Born to a long lineage of artists of the Santa Clara pueblo, Garcia find
importance in creating art and expressing his own message. Jason Garcia, also
known as Turtle Mountain (Okuu Pin), is a Tewa from Santa Clara, New Mexico.
Garcia’s work is Native art that expresses Native life in the modern world
through the popular form of graphic novels. Taking the traditional form of
southwest pottery and creating graphic novel tiles is just the beginning of the
ground breaking combination of traditional and contemporary that is the basis
of Garcia’s work. Though Garcia has been in Madison, Wisconsin and travelling
for the last couple of years, his work is tied to his home, the Santa Clara
Pueblo. Most of Garcia’s work has been in clay, yet he is also known for his
printmaking. The main message of Garcia’s art is the modern style of the Native
scene while holding onto culture and tradition – not losing the message of the
past while moving forward.
Representation of his home is central to his art and
expression. The scenery of many of his pieces is the Santa Clara Pueblo or
similar to the landscape of Garcia’s home. Having begun his potterymaking
approximately twenty years ago, Garcia has mastered the traditional art of
Santa Clara clay making and forming. He works exclusively with the clay from
his home and traditionally fires the pieces outdoors. Garcia uses traditional
means to create and prepare his clay for each piece he creates. He gathers
materials from his home area and works only by hand, purposely leaving his
fingerprints in each clay work he does. He is deeply involved and connected to
his creations, thus creating his art the same way his family and Nation has for
many years.
Garcia likes to use a mix of traditional and
contemporary symbols within his work. This represents the mix between tradition
and contemporary life in Native cultures. Garcia includes the traditional
symbol of a rain cloud in the background because of how significant water and
rain are to the survival and cultures of people in the Southwest United
States. Another of Garcia’s traditional
symbols is featured in a series of work. The Corn Maiden (featured in the
Edgewood Gallery) is a Hopi legend of springtime and harvest. However, while
the Maiden wears her traditional ceremonial clothing, she is frequently acting
in a nontraditional setting. The Corn Maiden often is portrayed on a cellular
phone or in a very expensive sports car. She can be seen with friends or
observing the Santa Clara landscape while thinking about fast food and
contemporary icons. The contemporary symbol of the phone is particularly
important, as Garcia explains, as it represents lost connection and
communication. In nearly all the backgrounds of the Corn Maiden series, there
are small hints as to modern impacts on the traditional, beautiful landscape,
such as the satellite dish.
Garcia’s impeccable talent and enjoyable social
commentary through his art work is a great contemporary form of expression for
the Santa Clara Pueblo. Especially through his clay pottery and tiles, Garcia
converts a traditional art medium into a new, modern twist for Native art.
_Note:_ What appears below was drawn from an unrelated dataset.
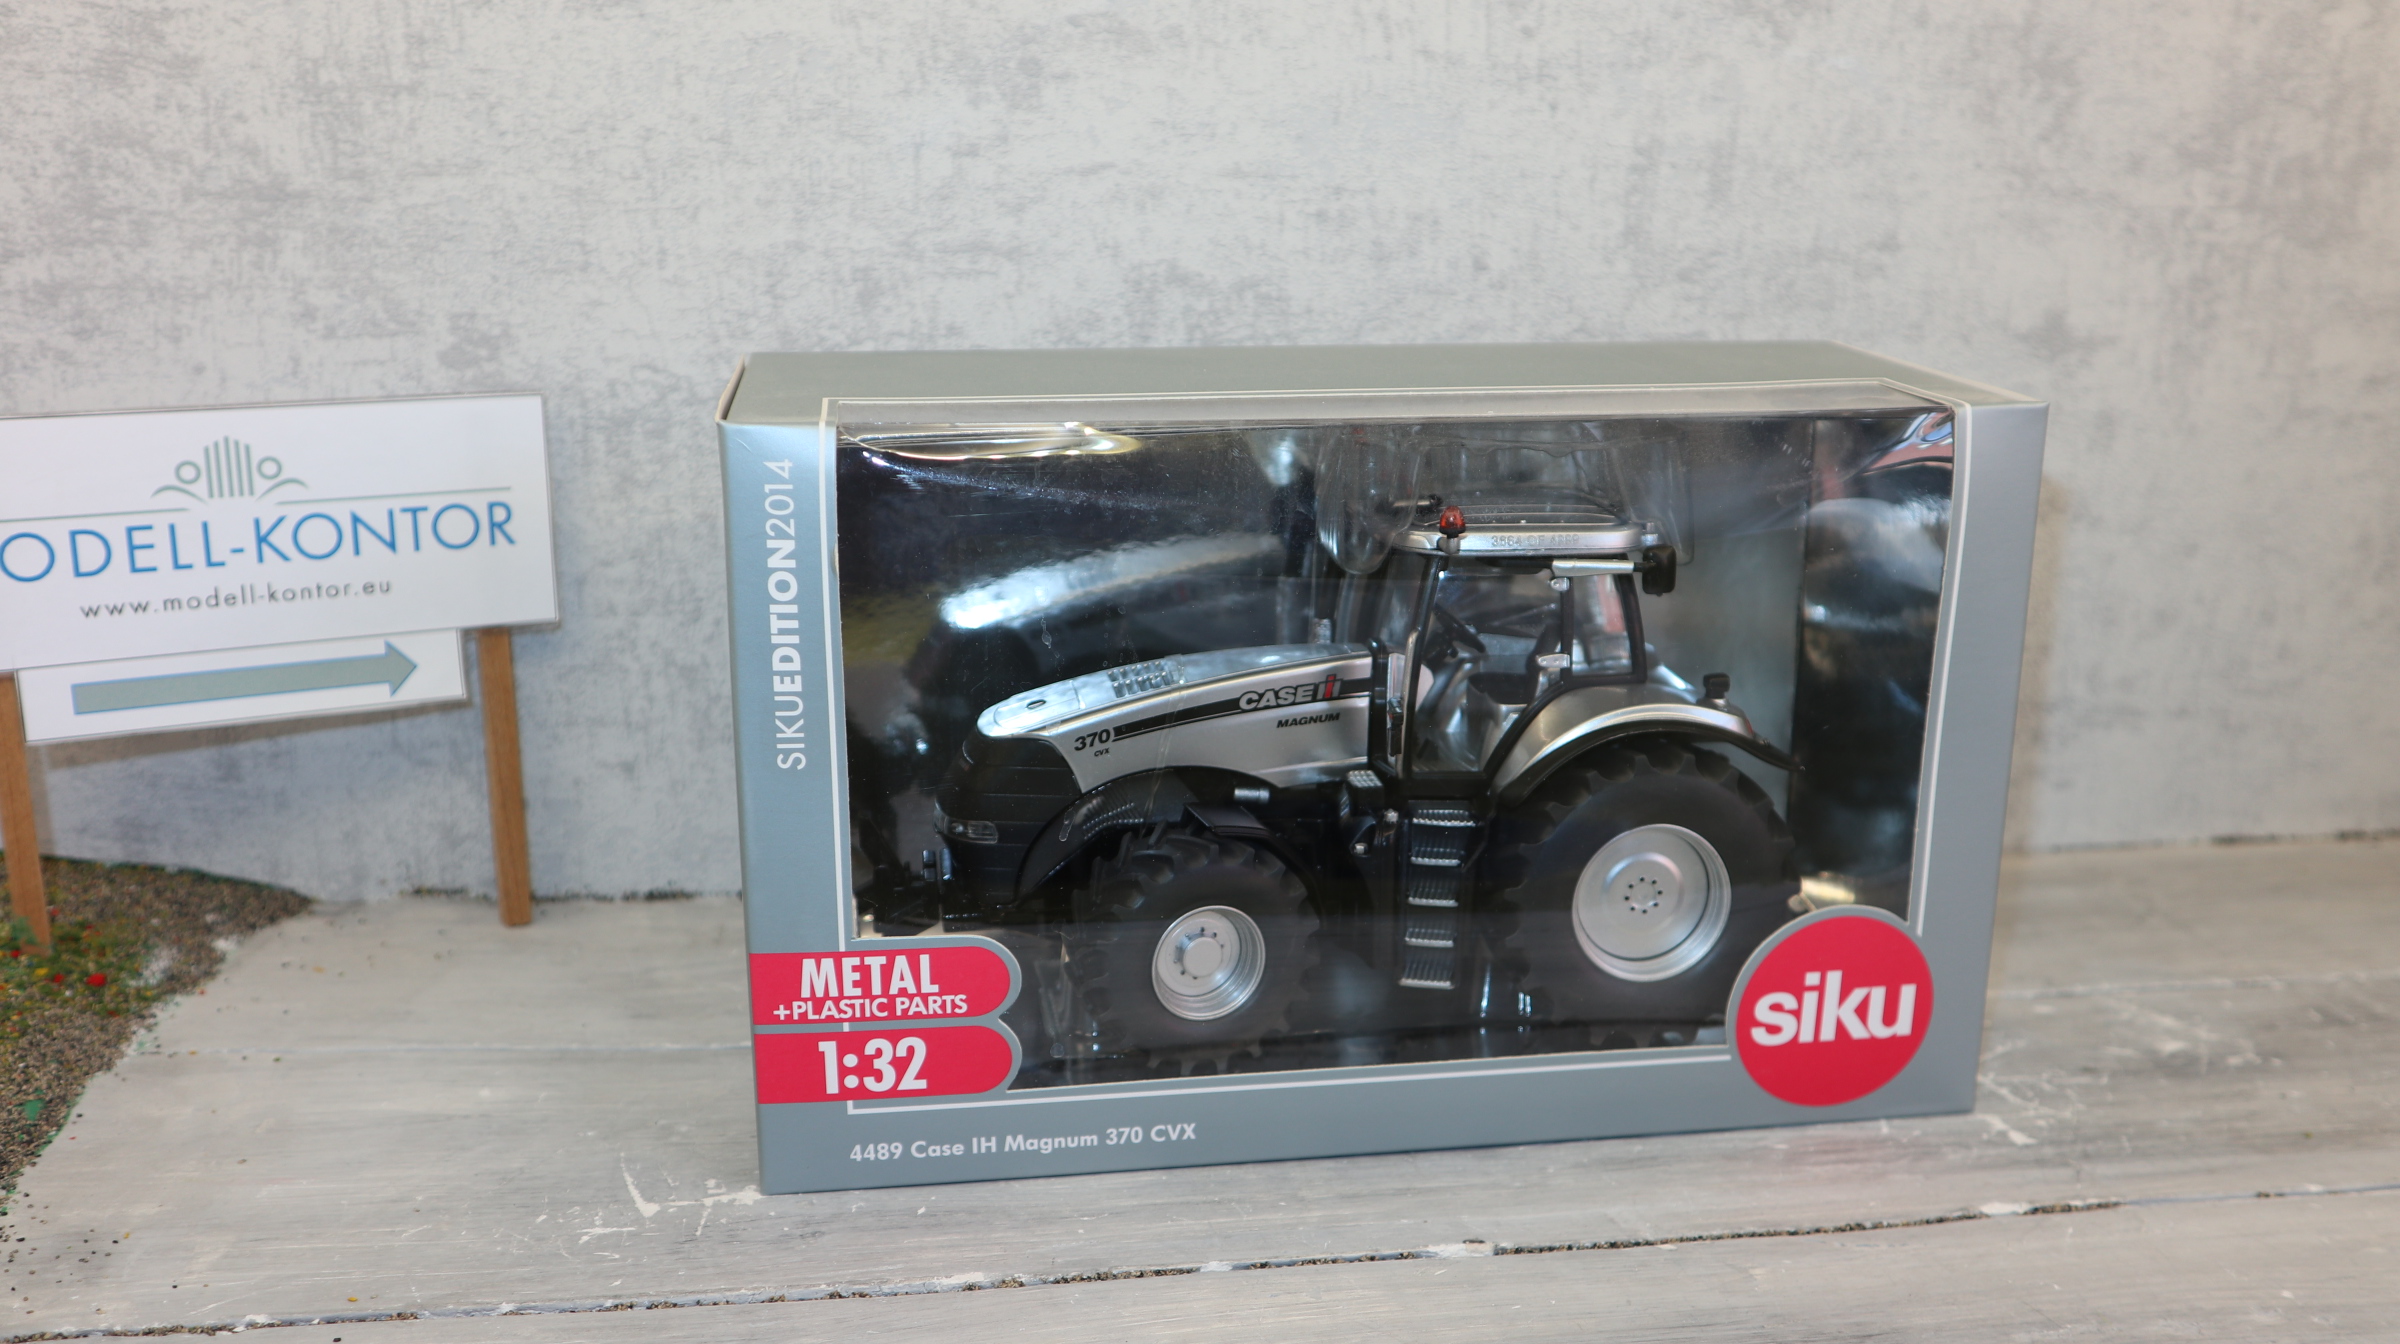 Siku 4489 in 1:32 CASE IH Magnum 370, Sondermodell Silverline, Edition 2014, NEU in OVP

Garcia’s message through his clay is important and reflects life as he and
other Native people experience it. His art represents more than a comic book
series and it is important for viewers to learn and understand the symbolism of
Garcia’s art – and that of other Native artists.
ANNE HERZBERG
Ho-Chunk photographer Tom Jones uses a modern medium
to capture photographs of mounds, petroglyphs, and “marker trees.” He emphasizes the importance of these
traditional art forms through his breathtaking photography. Unlike many past
photographers of traditional Native art and nature, he is not taking the
photographs to record a vanishing people, but rather to preserve and emphasize
the importance of these natural art forms.
Mounds,
petroglyphs, and marker trees are all Indigenous forms of visual expression.
Instead of recreating one of these ancestral art forms, Jones uses modern photographs
to draw attention to the already existing pieces found in nature. His
photographs show the close relationship between Native art and nature, and the
importance of nature in Native art forms like these. The marker tree
photographs show the theme of survival woven into many forms on Native art.
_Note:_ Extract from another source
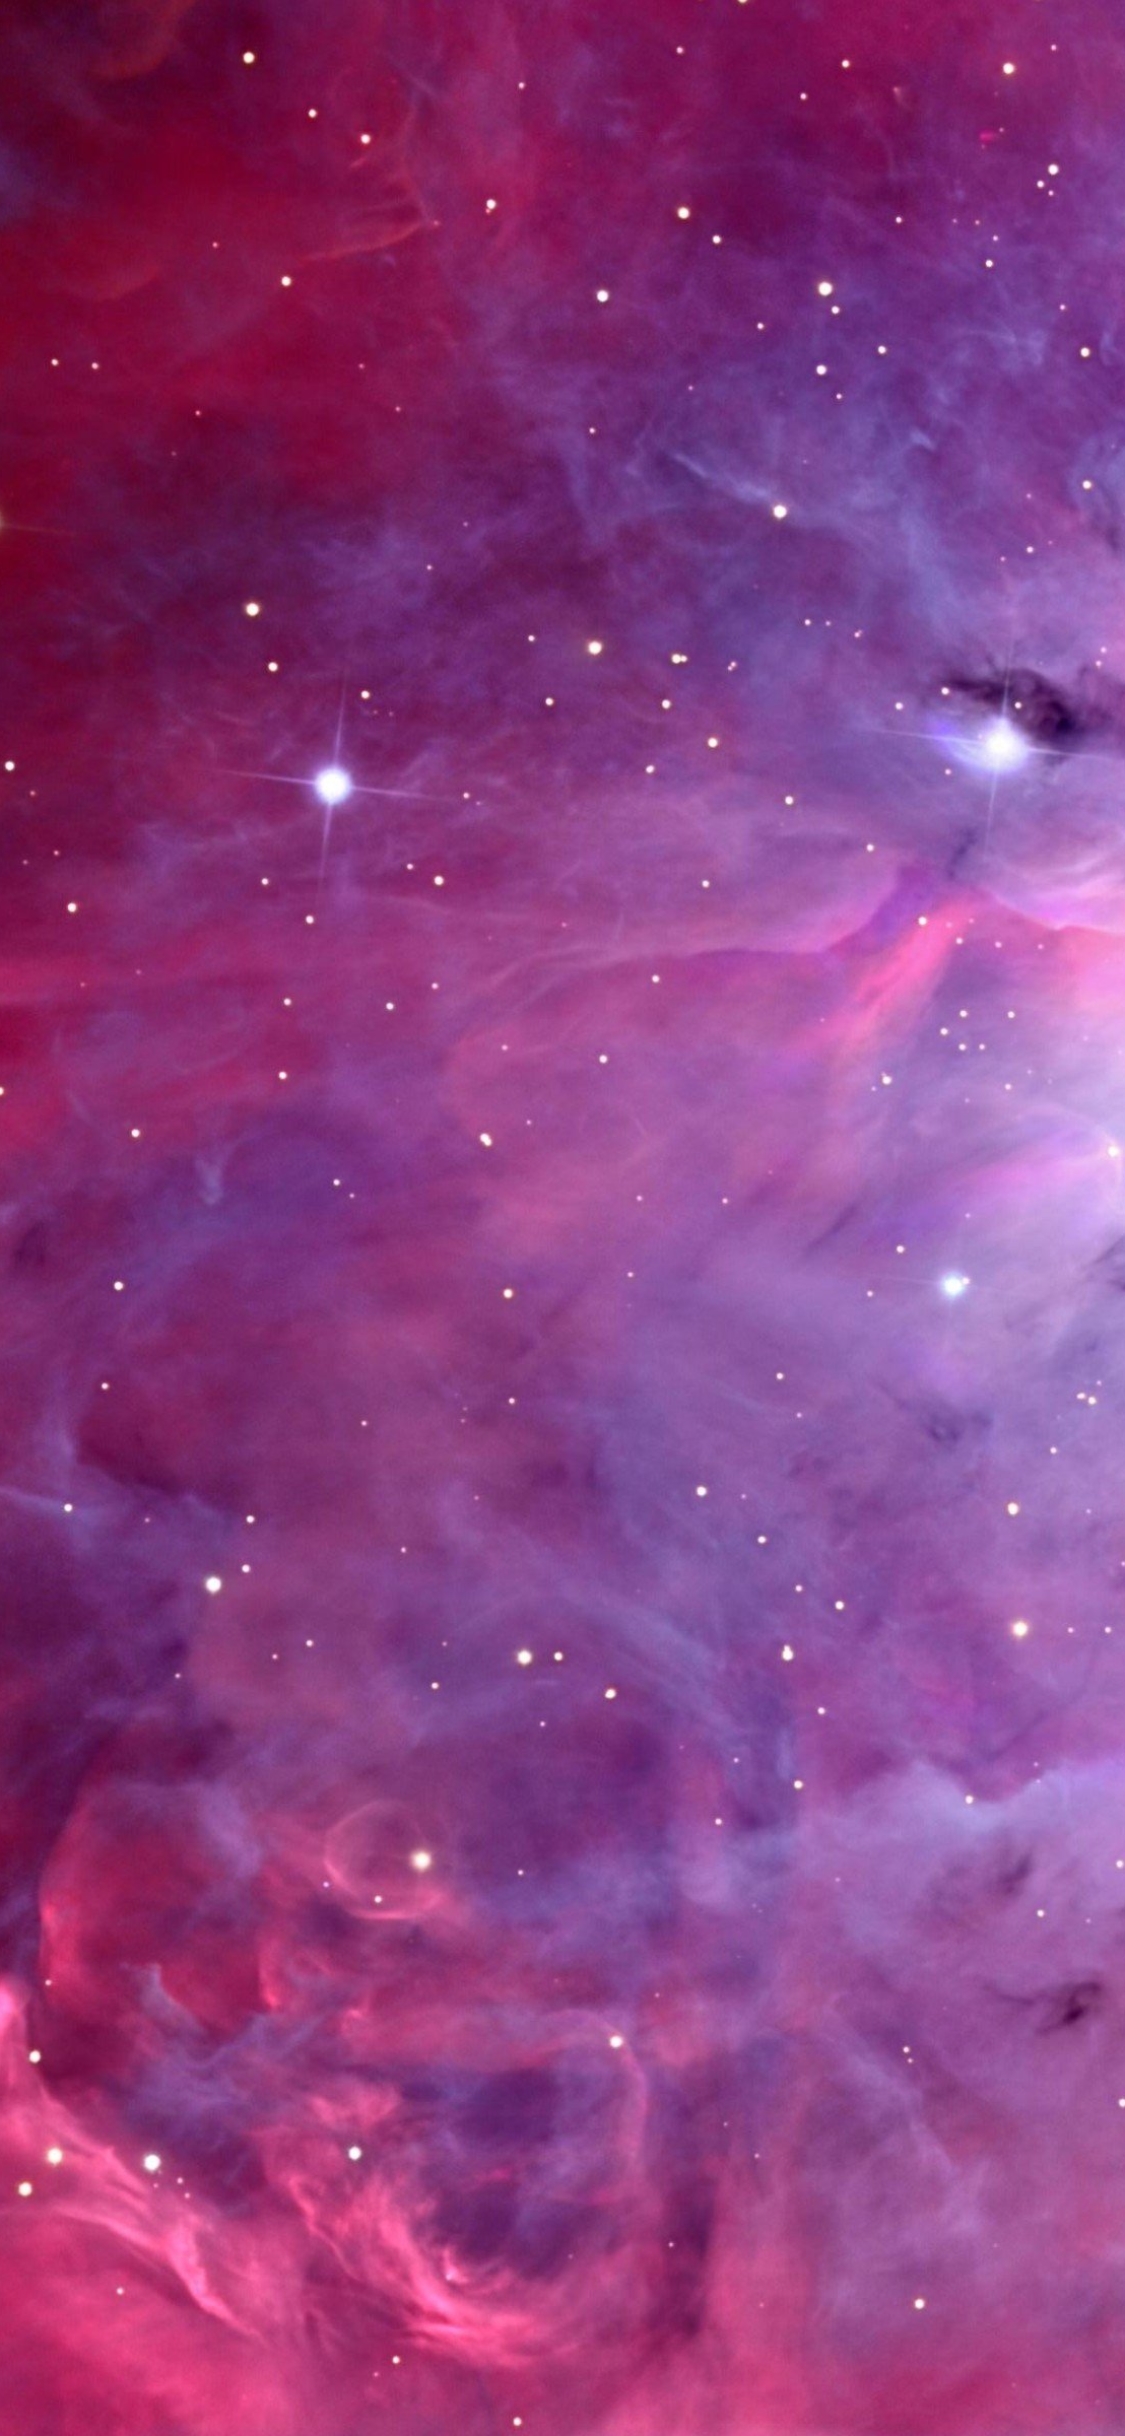 Descarga gratuita de fondo de pantalla para móvil de Estrellas, Rosa, Violeta, Nebulosa, Rosado, Espacio, Púrpura, Ciencia Ficción.

Trees like these were necessary for the survival of those who relied on them.
They signaled sources of fresh water and other important locations.
Tom Jones now
teaches Photography at the University of Wisconsin-Madison. He photographs
mounds, rocks, and trees around Wisconsin and the Midwest, along with other
subjects. His photographs quite literally use a contemporary voice, through the
medium of photography, in order to capture the ancestral vision of creating art
within nature to serve a purpose for the Native peoples using them.
MELISSA KOCH
Jennifer Stevens is Oneida, and comes from Green Bay,
Wisconsin. Not only does she study her own heritage, she also sings opera.
Stevens’s work represents the revival of Iroquois-style pottery. She completed
these works after learning of the revitalization of this art form by Rose
Kerstetter, Peter B. Jones, and Elda Smith.
One particular pot by Jennifer Stevens that interests
me is Turtle Island, from 2012. This pot has aspects of contemporary and
Indigenous forms of expression. This pot is made of local clay and built by
hand with coils, the same method used by Iroquois potters. She incorporated
designs used by her ancestors by observing sherds and pots in archeological
museums to build on the revitalization of these historical pots and her
culture. A turtle was placed on the pot, along with engraved patterns on the
rim, imagery similar to that seen on earlier Iroquois pottery. The turtle has a
four-point image on its back, also similar to the motifs and designs of
historical Iroquois pottery.
Stevens brings a contemporary voice to this piece as
she thinks about the meaning of symbols that she places on her pots, though she
is unaware of what the symbols mean. She uses symbols incorporated on earlier
pottery, along with her own personality and style, as she engages the past to
mimic the pots of her heritage.
ROSE LANGE
An
installation called Passages Transformed made in 2013 by John Hitchcock
is the last piece in the Gallery. With these printed and folded paper boats, I
believe the artist is trying to convey a sense of motion and unease. Assuming
the shadows are intentional, the shapes floating on the wall are very
unnerving.
When we studied pottery, the use of only two or
three colors (but with great variety in thickness of line and shape) was
pointed out as a distinguishing feature of the potters’ aesthetics. Hitchcock
uses only black on white and silver on white to decorate the paper boats.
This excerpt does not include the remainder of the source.